Now, as to your question on whether there will be a no-holds-barred congressional hearing on this subject, that depends in part on how effectively we in the blogosphere can force the issue into the MSM. Think Rather. Think Jordan. Think Gorelick and Berger under oath and under the TV lights.
Congressman Billybob
1) Following the Waco debacle, Clinton was unnerved about revelations detailing coordination between US military (under Wesley Clark's command?) and domestic Ops. Thus he ordered Gorelick (a Hillary hire) to create the intelligence "wall".
2) Even prior to Waco, Clinton ordered Gorelick to create the intelligence "wall" in order to obfuscate potential investigation into his "Chinagate" dealings.

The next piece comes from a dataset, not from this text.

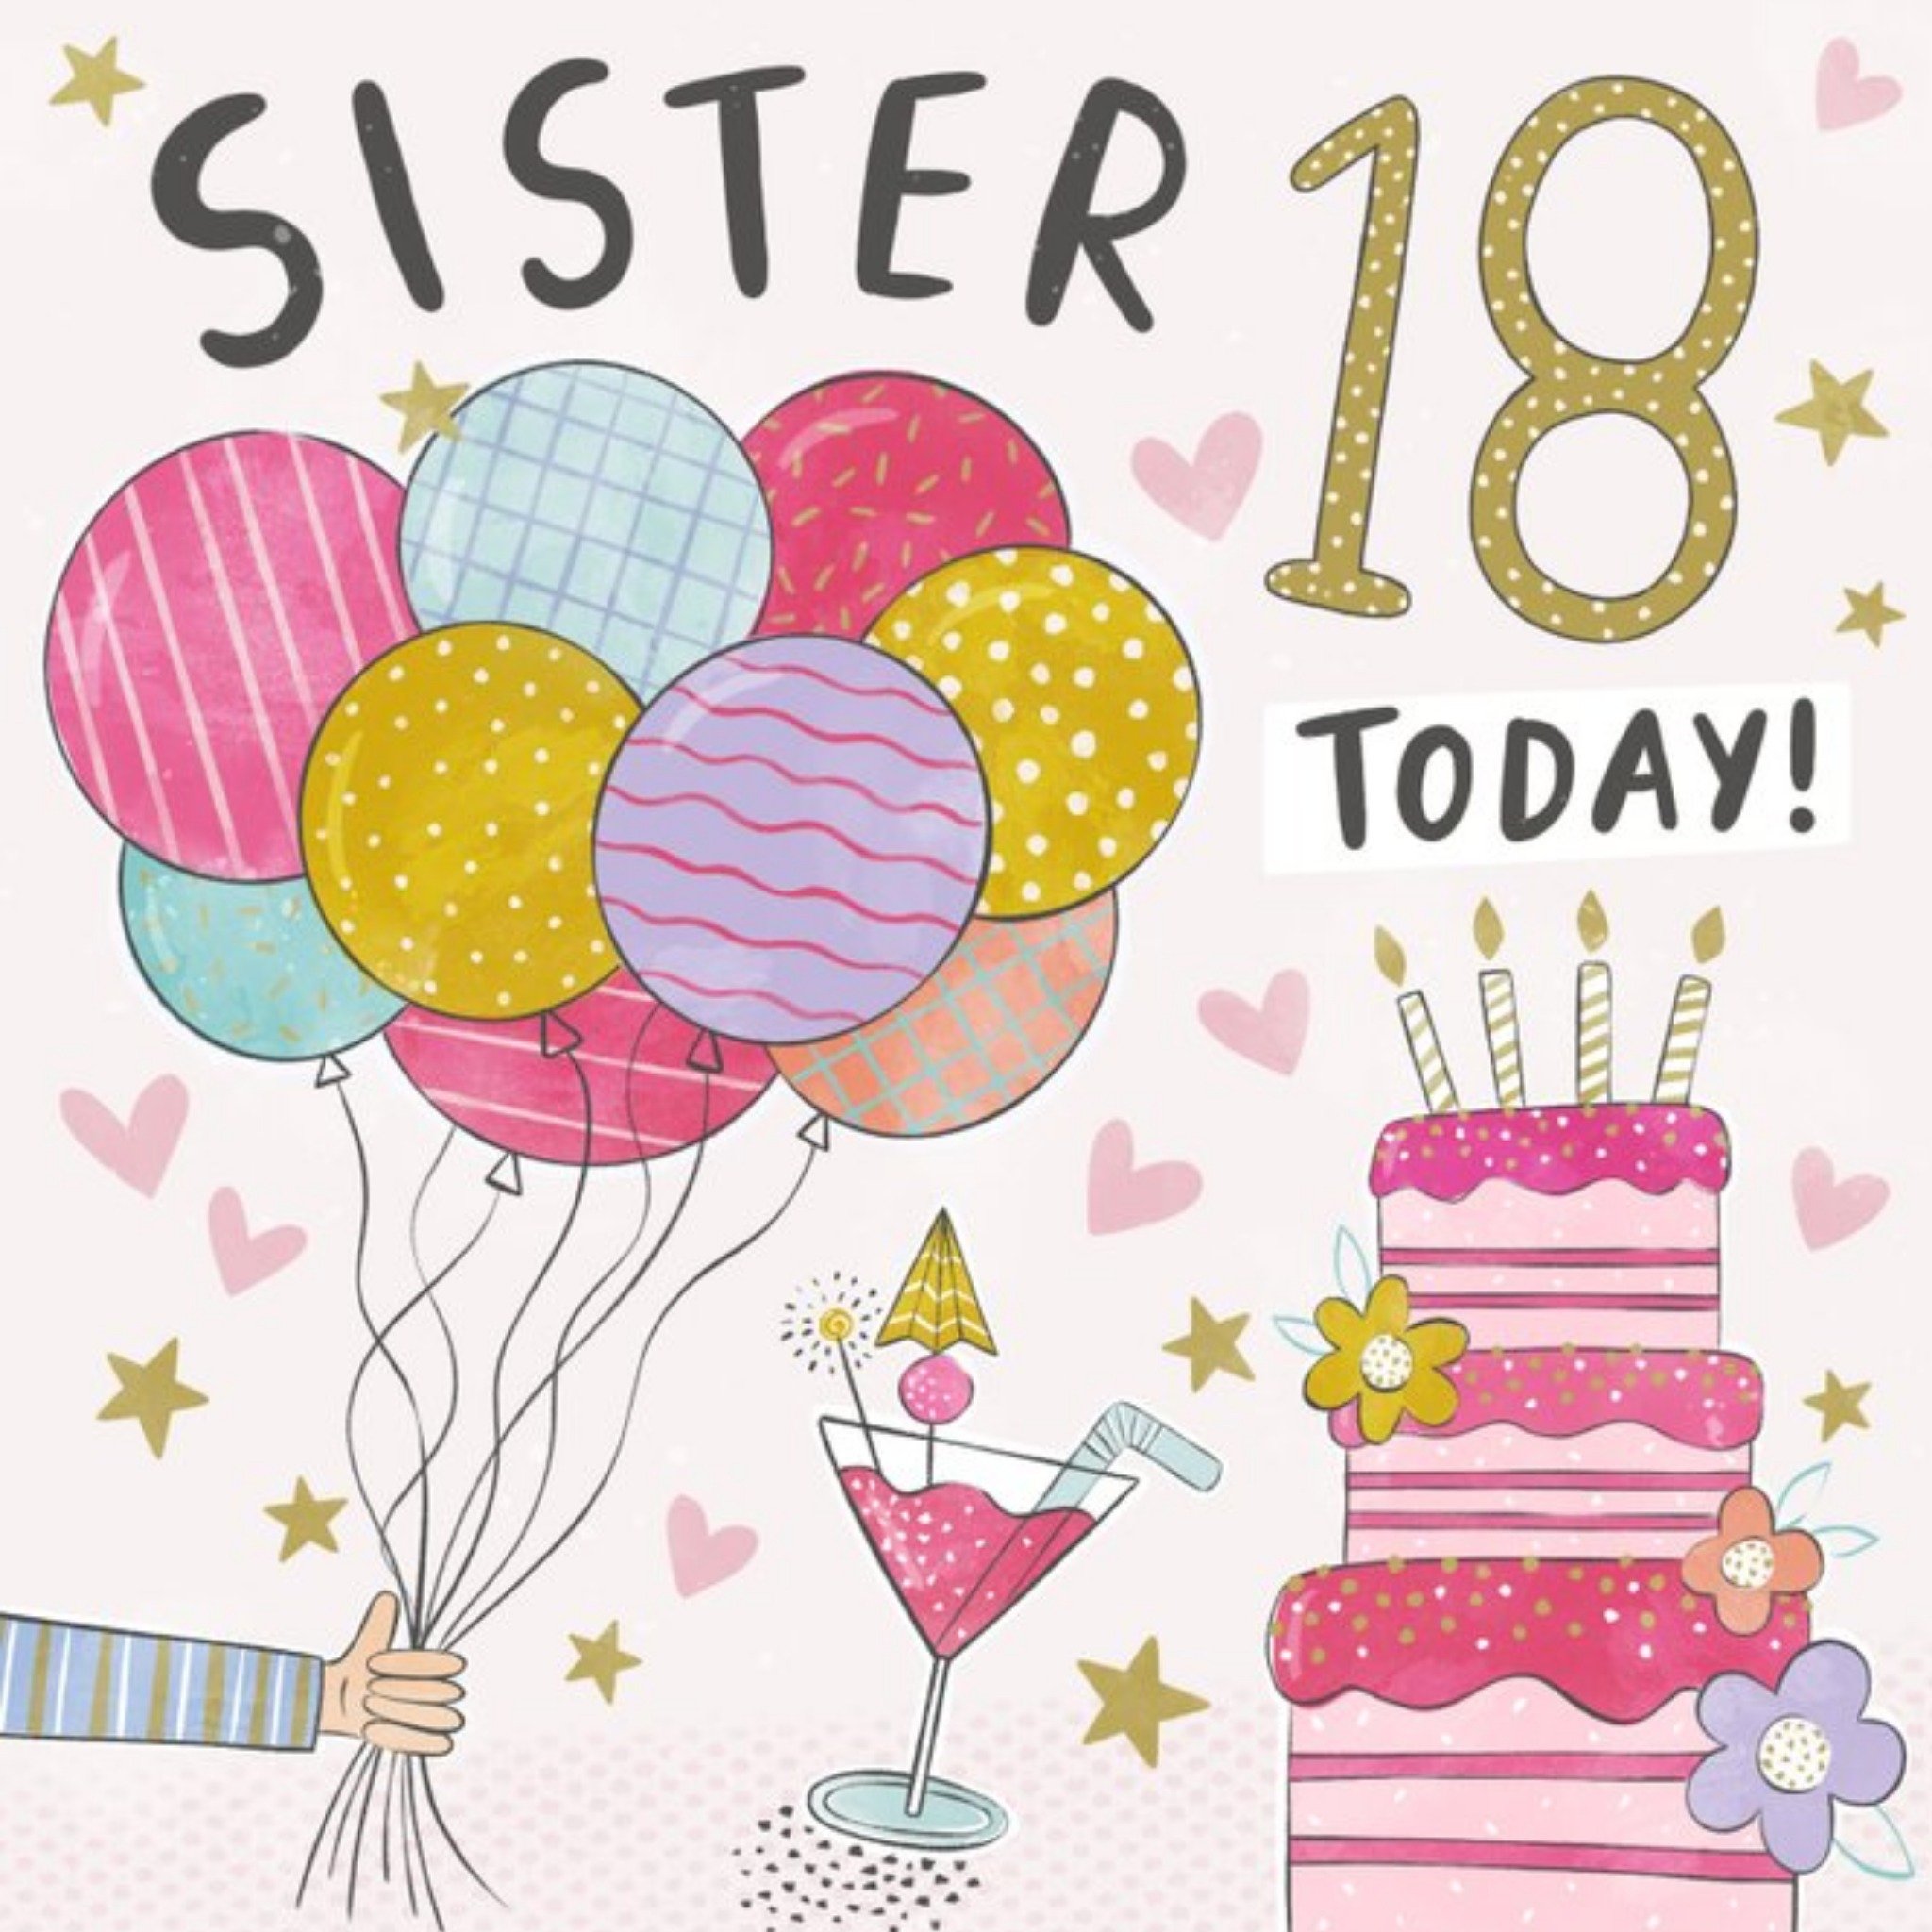 Moonpig Fun Cute Illustration Sister 18 Today Birthday Card, Large

It sure seems as though the 9-11 Commission had been manipulated so as to steer far clear of "the wall" -- which is probably the most significant root cause of our lack of successfully preventing the 9-11 attack. Therefore, the Democrats installed Gorelick on the committee and Berger purged national archive files as necessary to hide their culpability. Given the the public already perceives the democrats as weak on national security, such a revelation would practically cripple them (especially had it been revealed during the 2004 election year.
Do you think either of these theories is likely?
PS: I got a laugh from ex-SOD Cohen's interview on the Sunday talk circuit today, where he ended up pleading the "Sergeant Shultz" defense to Able Danger and their findings. A man of his stature should have done much better than "I don't recall...".